Google Object Detection API returns bounding boxes in the format [ymin, xmin, ymax, xmax] and in normalised form (full explanation here). To find the (x,y) pixel coordinates we need to multiply the results by width and height of the image. First get the width and height of your image:
width, height = image.size
Then, extract ymin,xmin,ymax,xmax from the boxes
object and multiply to get the (x,y) coordinates:
ymin = boxes[0][i][0]*height
xmin = boxes[0][i][1]*width
ymax = boxes[0][i][2]*height
xmax = boxes[0][i][3]*width
Finally print the coordinates of the box corners:
print 'Top left'
print (xmin,ymin,)
print 'Bottom right'
print (xmax,ymax)
You can call boxes, like the following:
boxes = detection_graph.get_tensor_by_name('detection_boxes:0')
similarly for scores, and classes.
Then just call them in session run.
(boxes, scores, classes) = sess.run(
[boxes, scores, classes],
feed_dict={image_tensor: imageFile})
Just to extend Beta's answer:
You can get the predicted bounding boxes from the detection graph.
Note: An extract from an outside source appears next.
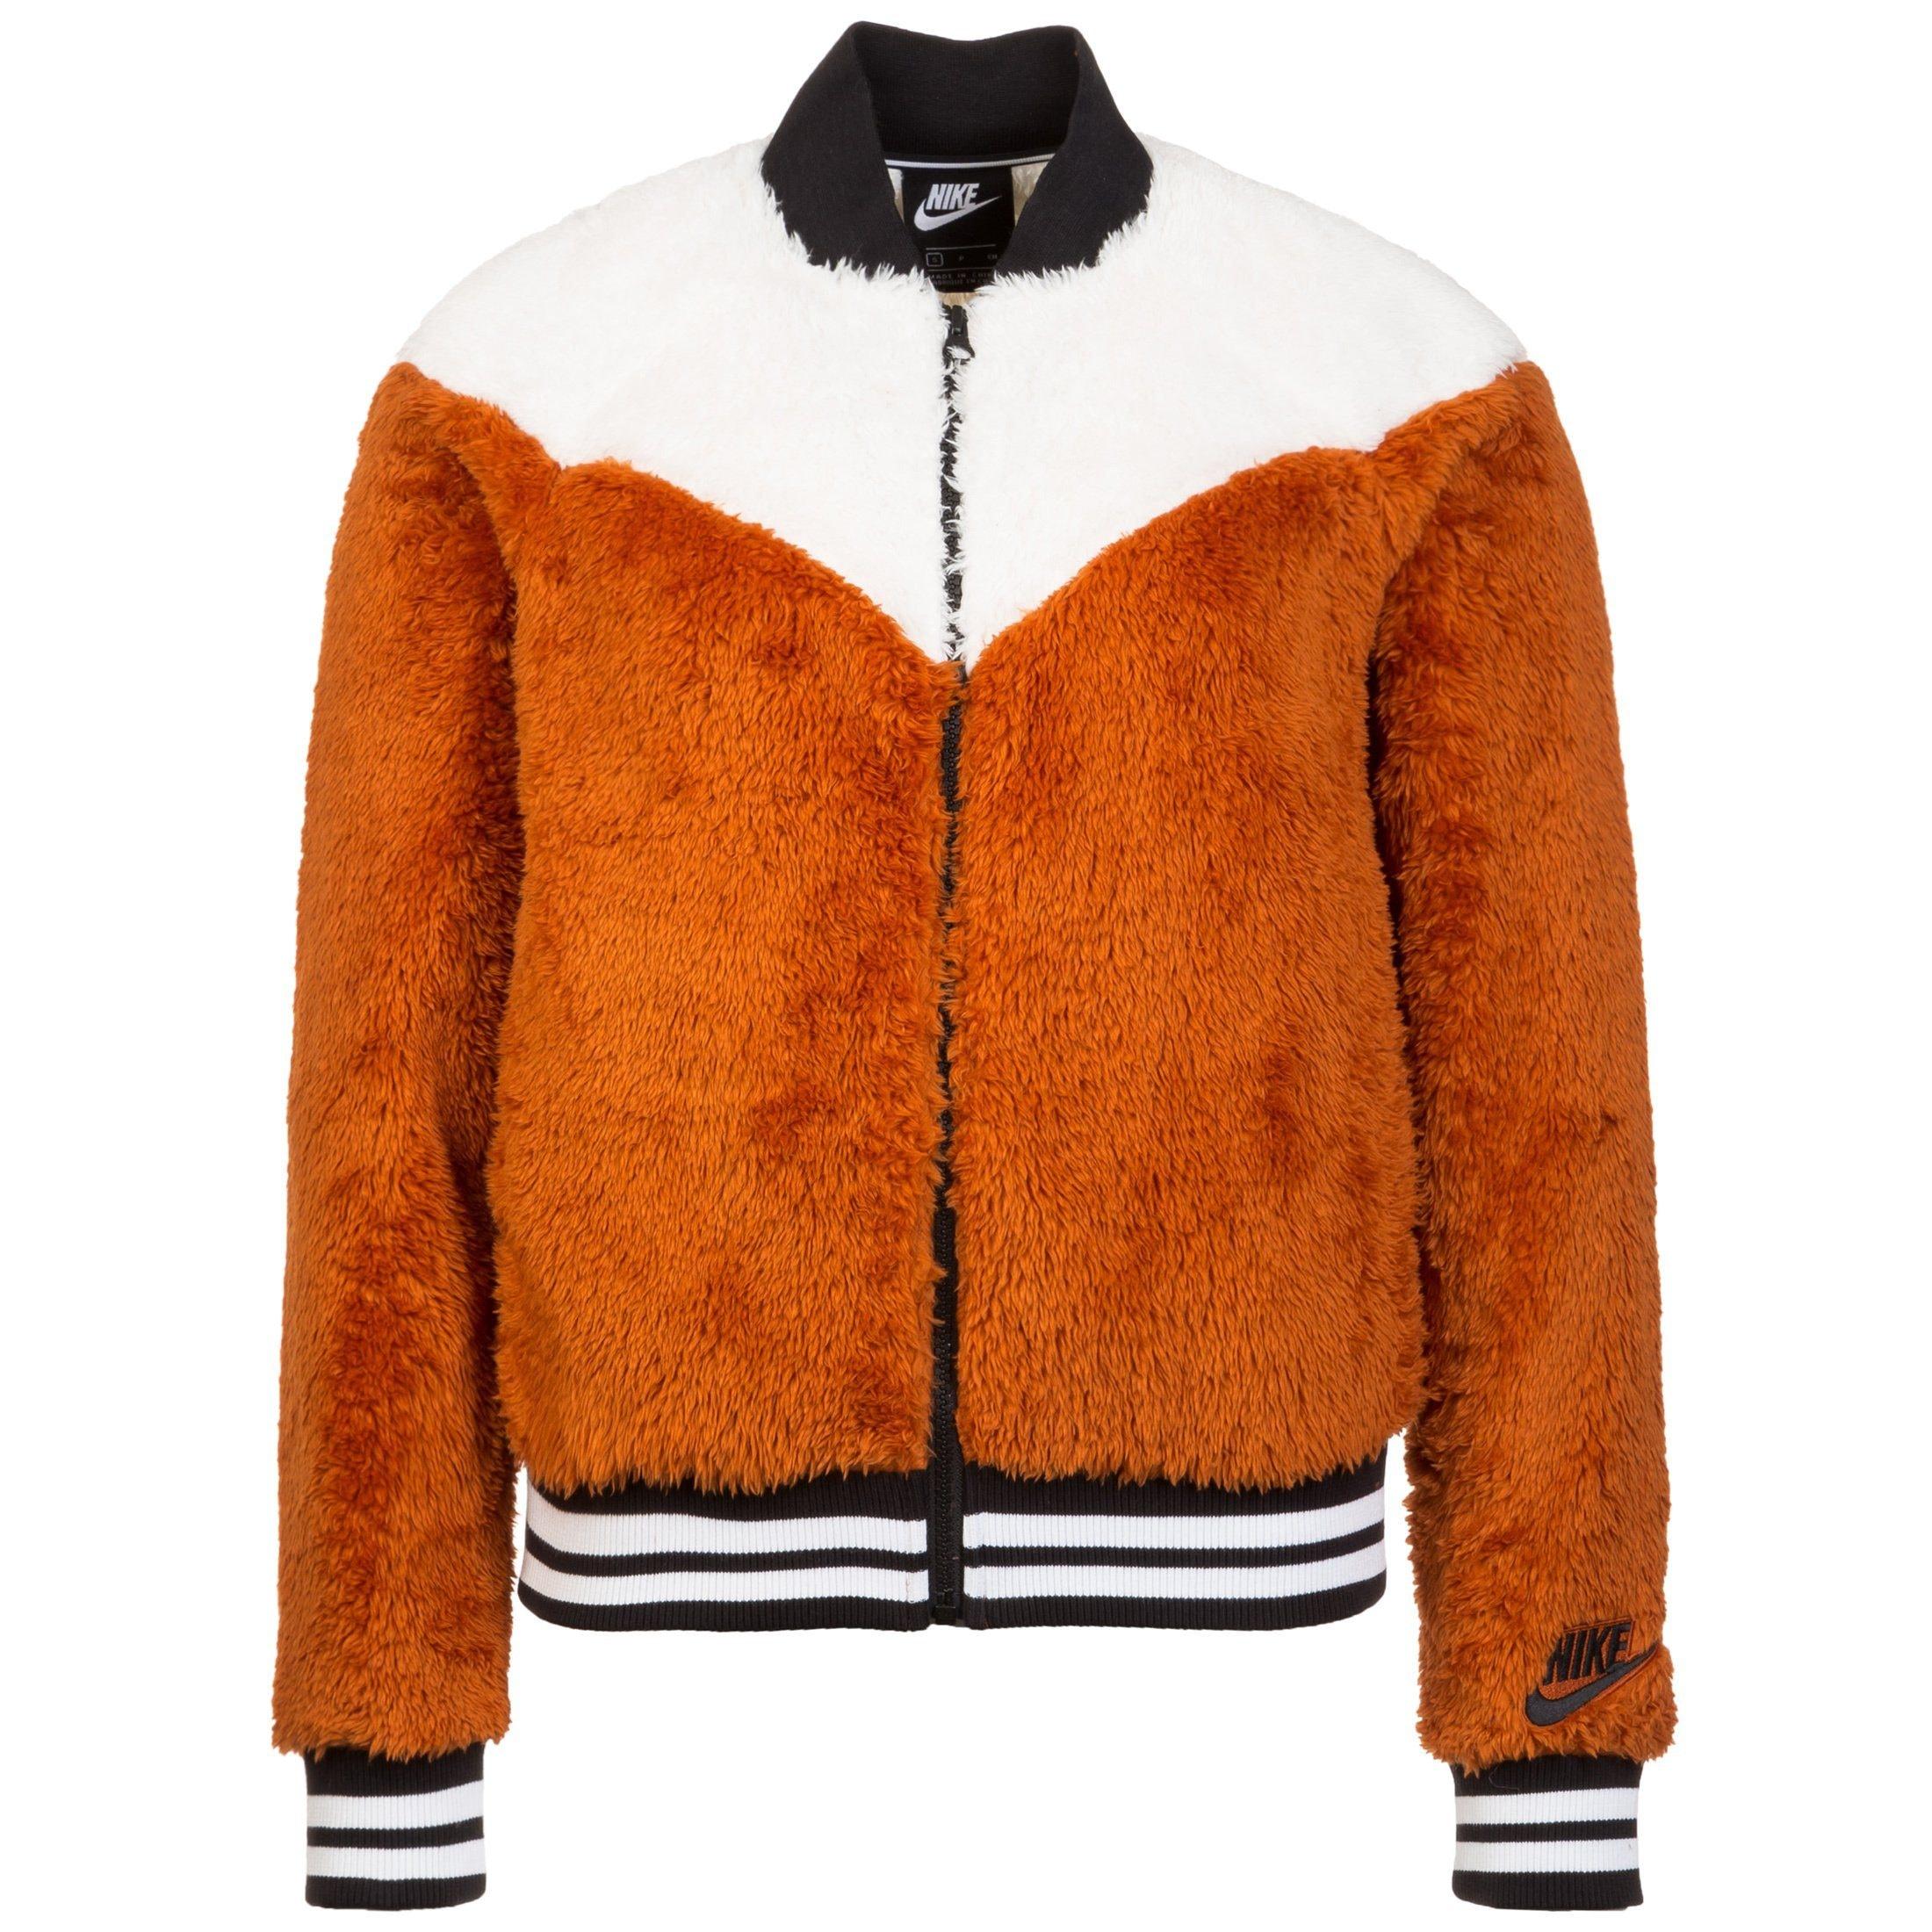 Nike Sportswear Bomberjacke »Bomber Wolf« für Damen | BAUR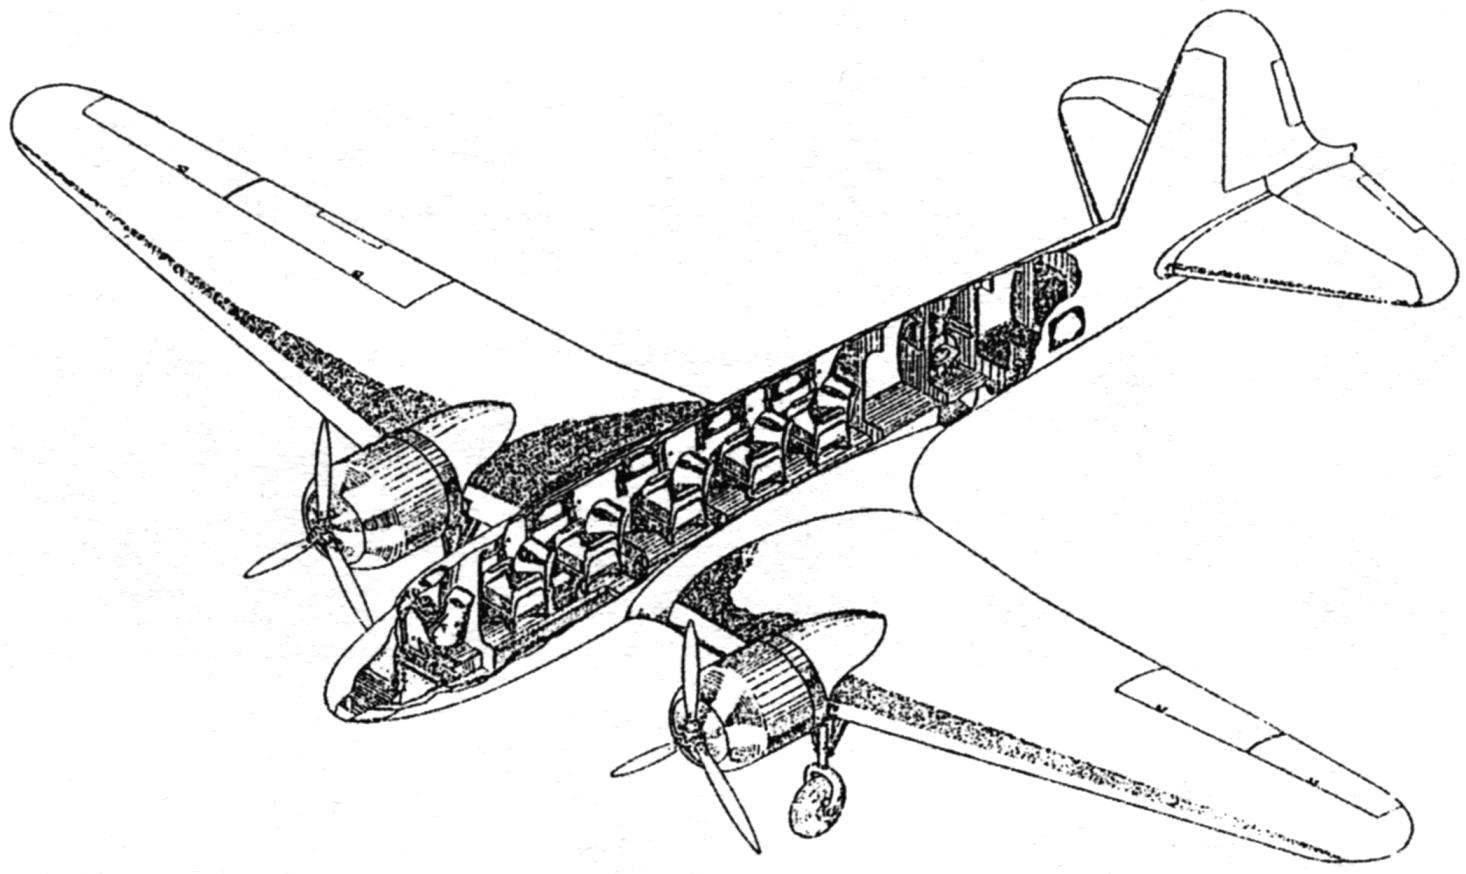 Компоновка ПС-35

An example for this is given in the Tutorial IPython notebook on github. This is where Beta's code snipped comes from. Access the detection_graph
and extract the coordinates of the predicted bounding boxes from the tensor:
By calling np.squeeze(boxes)
you reshape them to (m, 4), where m denotes the amount of predicted boxes. You can now access the boxes and compute the length, area or what ever you want.
But remember that the predicted box coordinates are normalized! They are in the following order:
[ymin, xmin, ymax, xmax]
So computing the length in pixel would be something like:
def length_of_bounding_box(bbox):
return bbox[3]*IMG_WIDTH - bbox[1]*IMG_WIDTH